Siehe auch hier (Ziffer 7):
Super... sehe gerade, dass die Kammer diesen Link gelöscht hat
Sie meinte dies auf Seite 4 Anhang B:
https://www.lda.bayern.de/media/dsk_kpnr_13_auftragsverarbeitung.pdf
Nun könnte relativ schnell analysiert sein: Wenn ich als Steuerberater kein Auftragsverarbeiter i.S. der DSGVO bin, führe ich auch keine Aufträge in deren Sinne aus, womit sich schon gar keine Grundlage für ein schriftliches Auftragsvereinbarung-Erfordernis ergibt...
Hallo,
mir geht es nicht um die Auftragsvereinbarung, weil diese nach aktuellem Stand für StB hauptsächlich nicht erforderlich ist.
Mir geht es um die Informationspflicht gem. Artikel 13 DSGVO:
https://dsgvo-gesetz.de/art-13-dsgvo/
Diese Informationspflichten gelten m.E. sofort bei Auftragsannahme.
Ganz praktikabel könnte das Audit in Print mit Entgegennahme der Unterlagen ausgehändigt werden oder "zeitgleich" per E-Mail überlassen werden.
"Bezüglich der Beauftragung erhalten Sie unsere Hinweise zu Art.13 DSGVO im Anhang."
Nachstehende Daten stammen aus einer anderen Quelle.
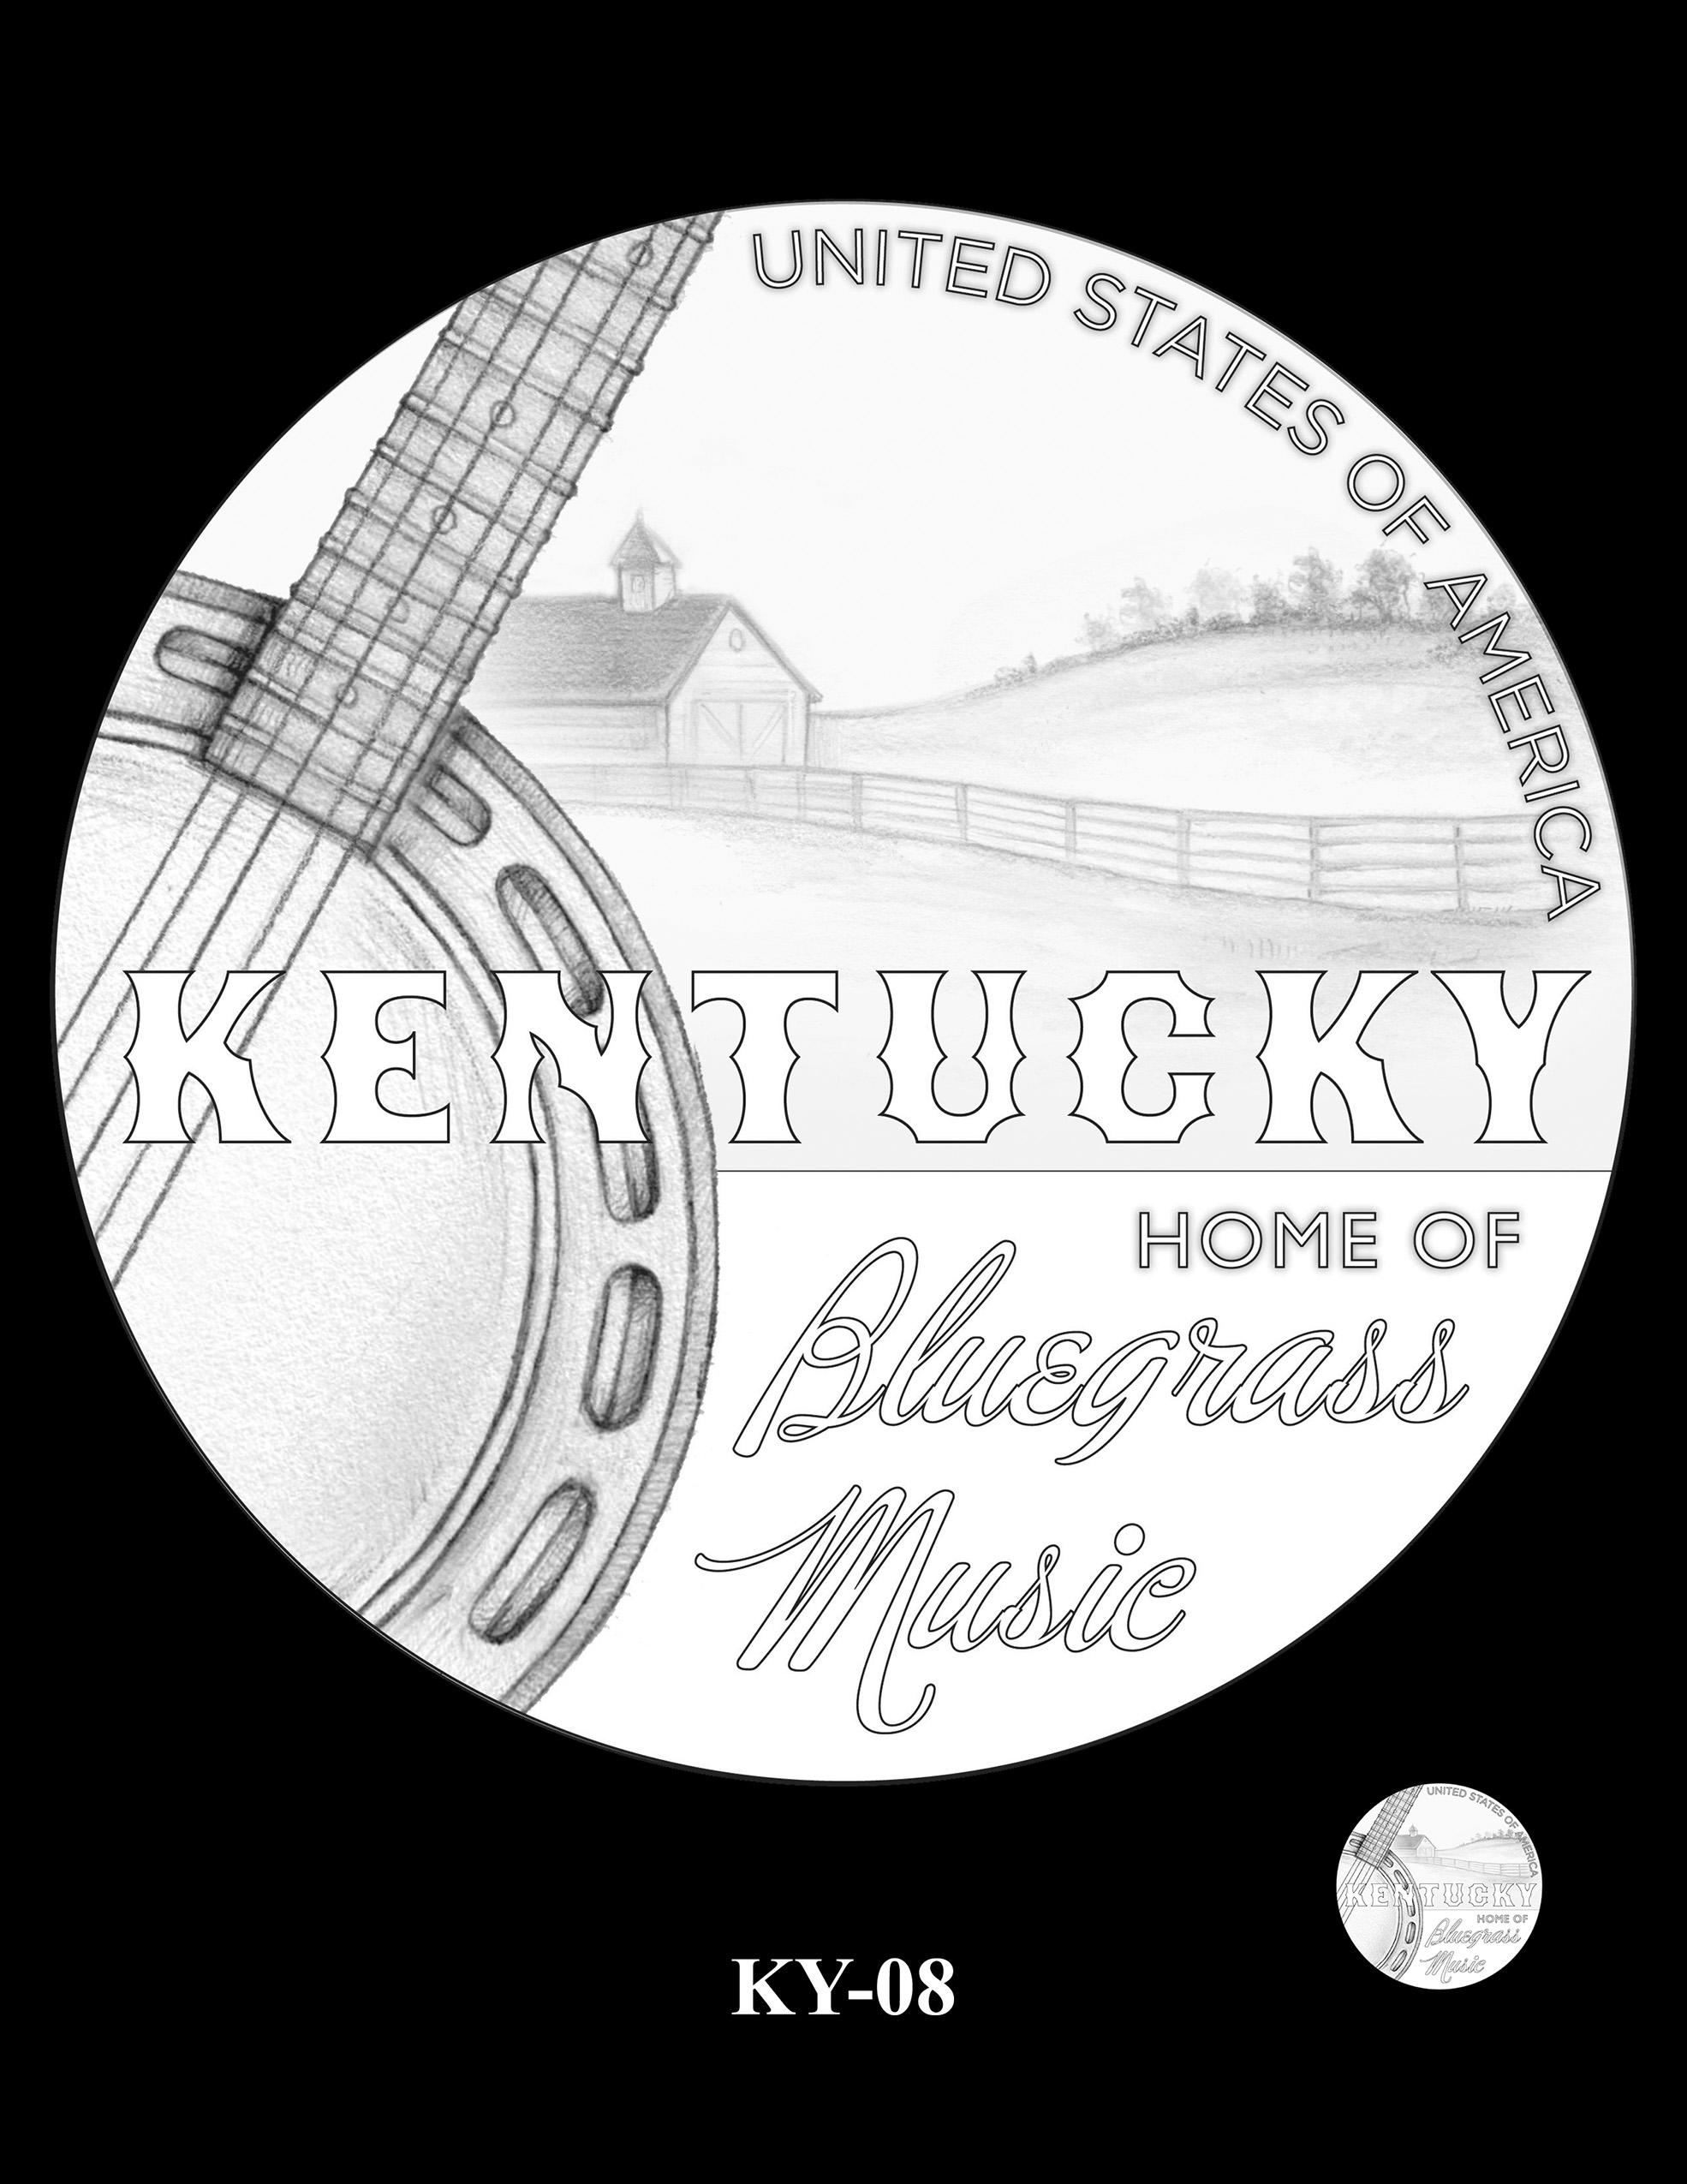 KY-08 -- 2022 American Innovation $1 Coin - Kentucky

... sind ja keine personenbezogene Daten enthalten. Den Zeitpunkt der Erhebung würde ich chronologisch mit Beginn der Erfassung der Stammdaten zusammenlegen; die reine "Lagerung" bis zur Bearbeitung würde ich nicht als "Erhebung" i.S.d.G. sehen.
Zu o.g. Info-Satz könnte noch "Wir haben mit der Bearbeitung Ihrer Unterlagen begonnen."
Muss man das explizite Einverständnis des Mandanten einholen, dass man seine Daten speichern darf?
Nein, siehe Art. 6 Abs. 1 lit b) DSGVO.
https://dsgvo-gesetz.de/art-6-dsgvo/
Doch ist immer eine Abwägung zu treffen, welche personenbezogenen Daten zur Abwicklung des Mandats dringend erforderlich sind (Grundsatz der Datenminimierung und dem sparsamen Umgang mit personenbezogenen Daten). Alles was nicht unbedingt dafür erforderlich ist bedarf zur Verarbeitung zusätzlich der Einwilligung des Betroffenen (Art. 6 Abs. 1 lit a) DSGVO).
Also bei einem Mandat sicherlich erforderlich und daher vom Auftrag ohne Einwilligung gedeckt (Name, Anschrift, Telefon, Mail, Fax, Steuernummer, …..), i.d.R. aber nicht Körpergröße, Augenfarbe ……. (Gedanken sind frei).
Ich würde bezüglich der Datenspeicherung sogar den Kontext zum Begriff "Auftragsverarbeiter" zu "Auftragsverarbeitung" ziehen und fast behaupten, dass Art. 6 für Steuerberater damit gar nicht einschlägig ist, da er w.o. ausgeführt nicht zur betroffenen Personengruppe der Auftragsverarbeiter gehört.
Ist dies plausibel oder denke ich da zu kurz?
Sehe ich auch so. Der StB ist höchstens Auftrags-Verarbeiter, wenn er ausschließlich Lohn-Abrechnungen für einen Mandanten macht, aber womöglich ist selbst das noch strittig.
Es wäre wohl dann eine Auftrags-Datenverarbeitung, wenn es sich um eine bloße "Einhackerei" der Daten handeln würde (Datentypisten).
Zumindest wird/wurde das immer in den entsprechenden Seminaren so referiert....
Spannend wäre noch, wenn die digitale Personalakte für die Lohnabrechnung genutzt wird. Viel zu viele Daten, die kein Lohn sind und es wird als Leistung angeboten Nur der Berater kann bei der digitalen Personalakte beschriften und zuordnen. Hier könnte es sich um einen eigenen Auftrag handeln.
Viele Grüße
T. Reich
PS.: Lesen und mitteilen, ob eine getrennte E-Mail-Benachrichtigung notwendig ist.